Arjun, a transgender activist from Kerala, said it plainly last week, as protesters gathered outside Parliament: “Coming out is already difficult, with a lack of family support and social stigma. This new law will only increase fear and isolation.”
He was reacting to the Transgender Persons (Protection of Rights) Amendment Bill, 2026 signed into law by President Droupadi Murmu on March 30. On paper, it was presented as a step forward. In practice, for millions of transgender Indians, it feels like a door quietly closing.
What the amendment actually changes
This is not a routine update. The 2026 amendment strips away the right to self-perceived gender identity, a right the Supreme Court had guaranteed in the landmark 2014 NALSA judgment. Under the new law, a person’s transgender identity must be verified by a medical board and then approved by a District Magistrate before an identity certificate is issued.
The amendment also removes the categories of trans-man, trans-woman, non-binary, and genderqueer that were recognised under the 2019 Act replacing them with a narrow list that largely covers socio-cultural identities like hijra, kinner, and aravani.
Most alarmingly, it introduces a criminal provision that penalises “compelling” or “alluring” a person to outwardly present a transgender identity with penalties extending up to life imprisonment. Amnesty International called the law “a fundamental shift in how the state views transgender people. Identity is no longer treated as something inherent, but as something to be checked, certified, and controlled.”
Over 140 lawyers, feminists, and civil society groups had urged the President to withhold assent, citing constitutional violations. She signed it anyway.
A community already on the margins
To understand why this amendment lands so hard, consider where India’s transgender community already stands not in theory, but in numbers.
India’s 2011 Census counted approximately 4.88 lakh transgender persons, of whom over 66% lived in rural areas. Their literacy rate was 56%, compared to a national average of 74%. The unemployment rate sat at 48%, more than double the national figure. A 2018 NHRC report found that 92% of transgender individuals were excluded from economic activity entirely, with roughly 23% pushed into sex work as a survival mechanism.

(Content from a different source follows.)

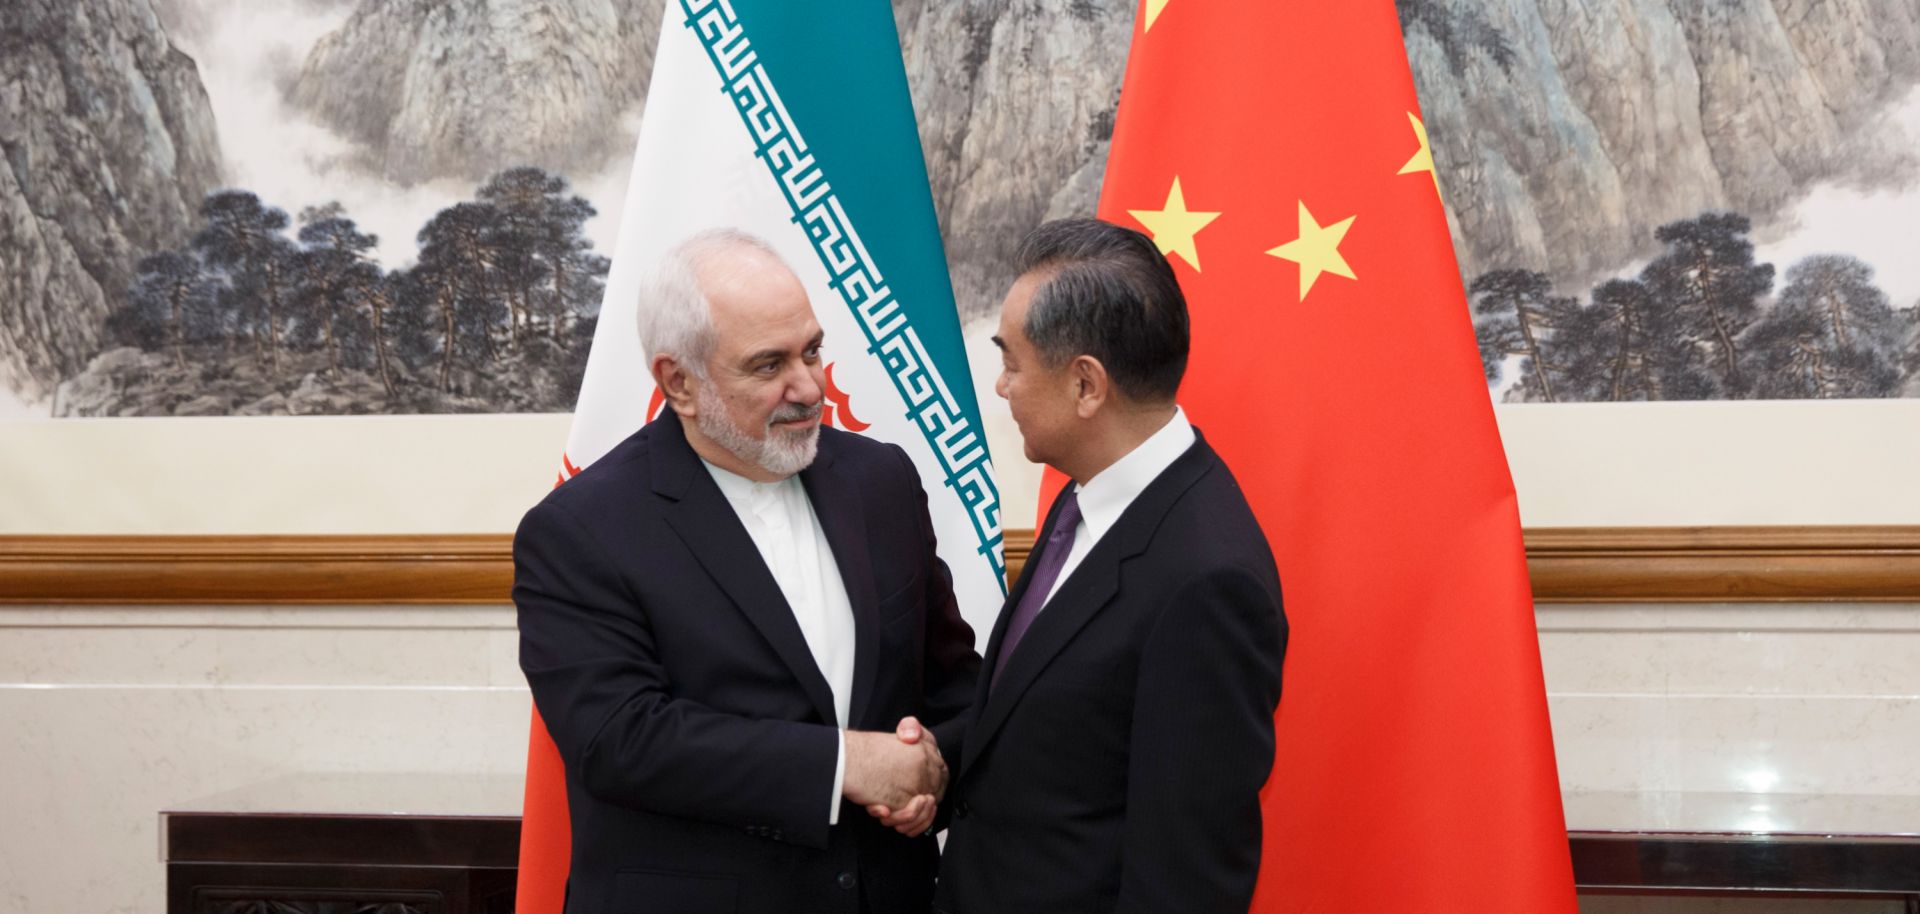 Iranian Foreign Minister Javad Zarif and Chinese Foreign Minister Wang Yi meet in Beijing on May 17, 2019.

In education, 52% of transgender students reported harassment by classmates, and 15% by teachers. Many never made it past primary school.

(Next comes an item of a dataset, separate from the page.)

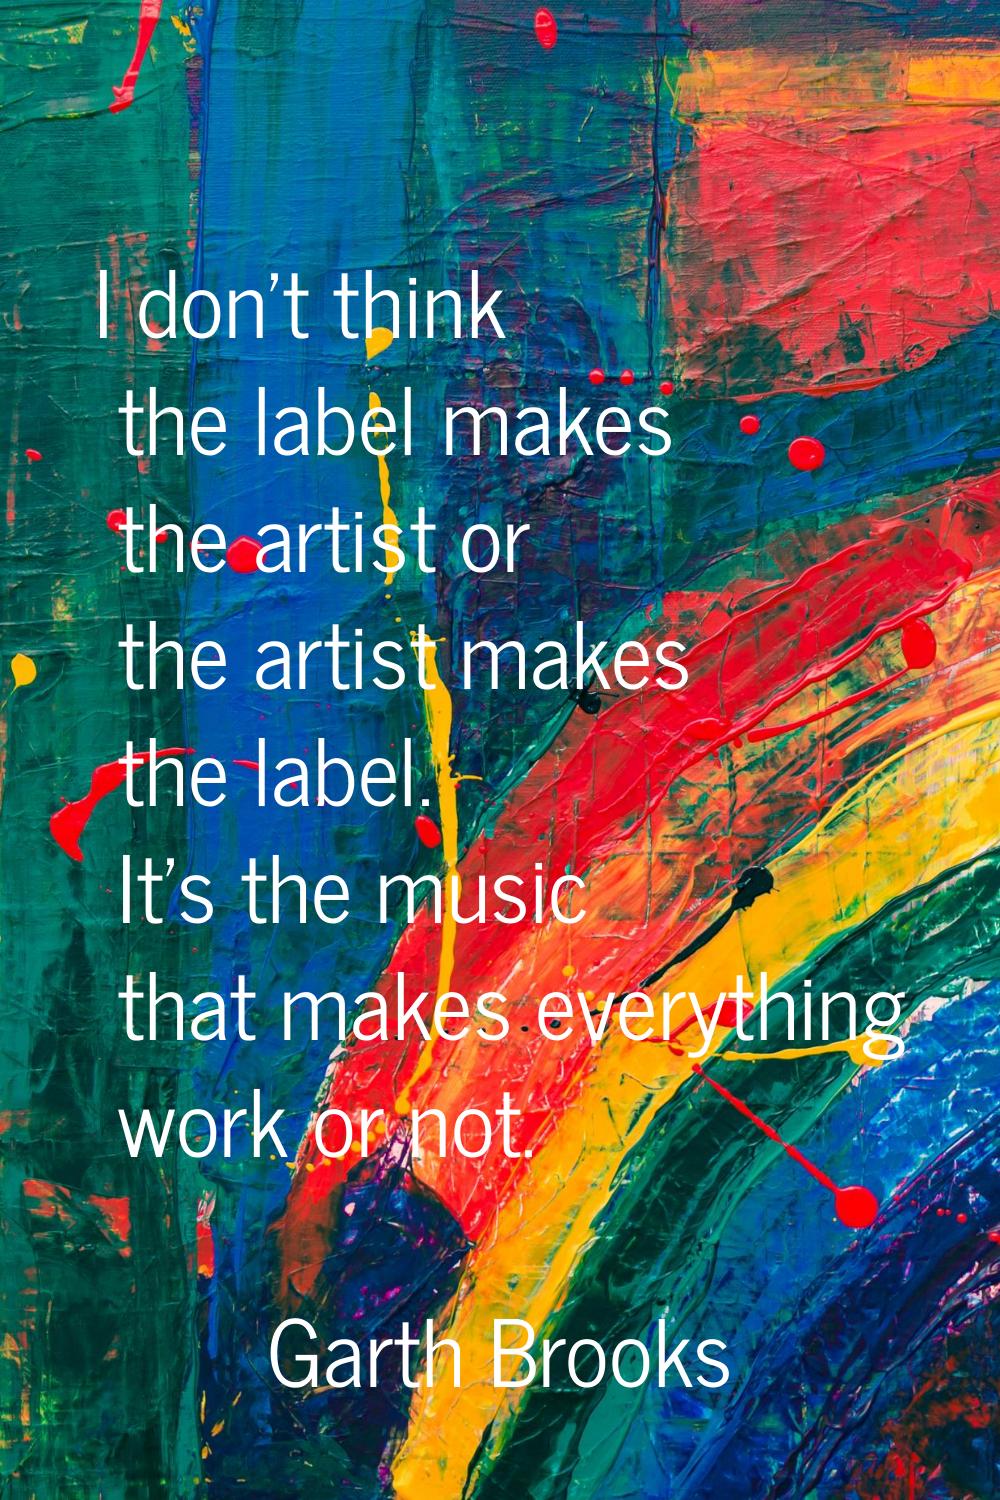 I don't think the label makes the artist or the artist makes the label. It's the music that makes e

On housing, despite being listed as a priority group under the Pradhan Mantri Awaas Yojana, data from multiple states reveals near-zero uptake a gap between policy intent and on-ground implementation that has persisted for years.
Healthcare tells the same story. A NALSA study found that 27% of transgender individuals were denied medical care based solely on their gender identity. Gender-affirming procedures cost between ₹2–5 lakh and remain largely uncovered by insurance, even under Ayushman Bharat.

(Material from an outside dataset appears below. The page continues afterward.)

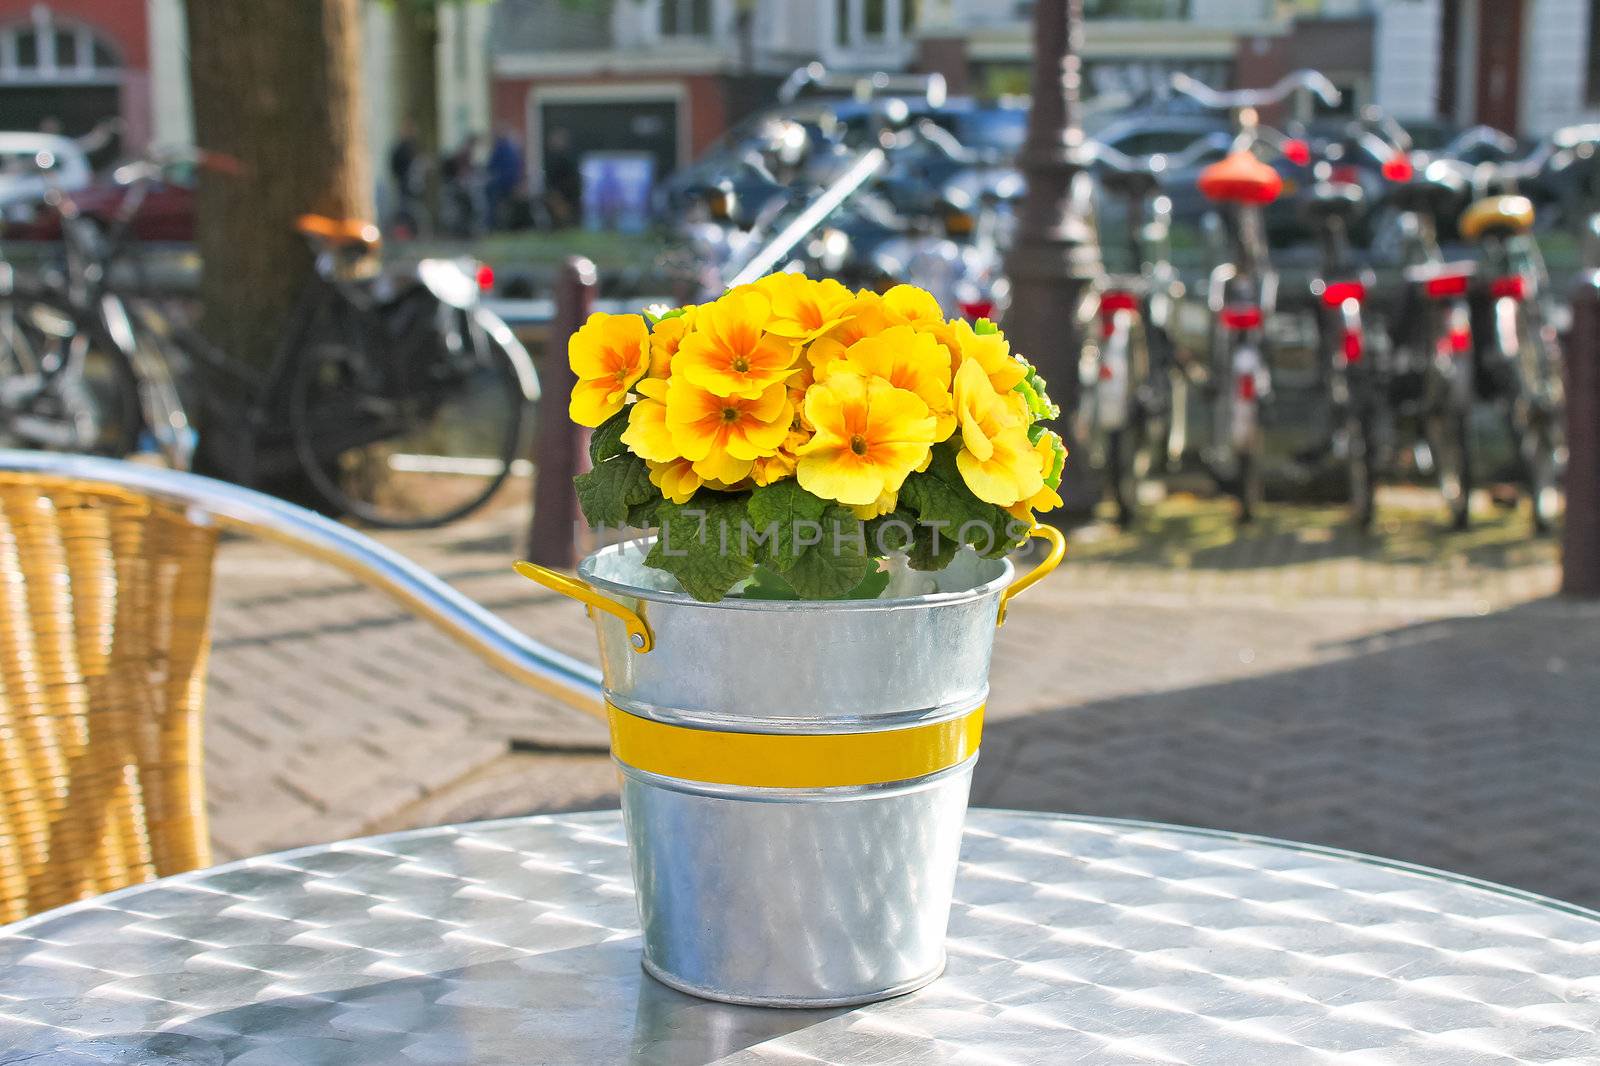 Flowers on a table in street cafe in Amsterdam. Netherlands

Behind every statistic is a decision someone was forced to make between being who they are and being safe, fed, or housed.
The gap between law and life
India has not been indifferent. The NALSA judgment, the 2019 Act, the SMILE welfare programme, Ayushman Bharat’s TG Plus card these were genuine, if imperfect, steps. The intent has repeatedly been stated. The enforcement has repeatedly fallen short.
The 2026 amendment, however, does not merely fail to close this gap. It widens it. By replacing self-identification with a state-controlled certification process, it adds bureaucratic layers to an already difficult journey precisely for those least equipped to navigate them: the rural, the poor, the undocumented.
As Aakar Patel, Chair of Amnesty International India, stated: “Instead of simplifying processes, this amendment adds more bureaucratic and medical layers, approvals, and verifications which pave the way for prejudice.”
What real progress looks like
Laws matter. But laws without enforcement, without social education, and without genuine community consultation are monuments to good intentions not instruments of change.
The real measure of progress is not the number of amendments passed, but whether Arjun can walk into a hospital without fear. Whether a transgender student in rural Uttar Pradesh stays in school. Whether a young person in Kerala, choosing to live openly, does not have to choose between identity and safety.
India’s transgender community has waited long enough. They do not need the state to certify who they are.
They need the state to finally listen to what they have been saying all along.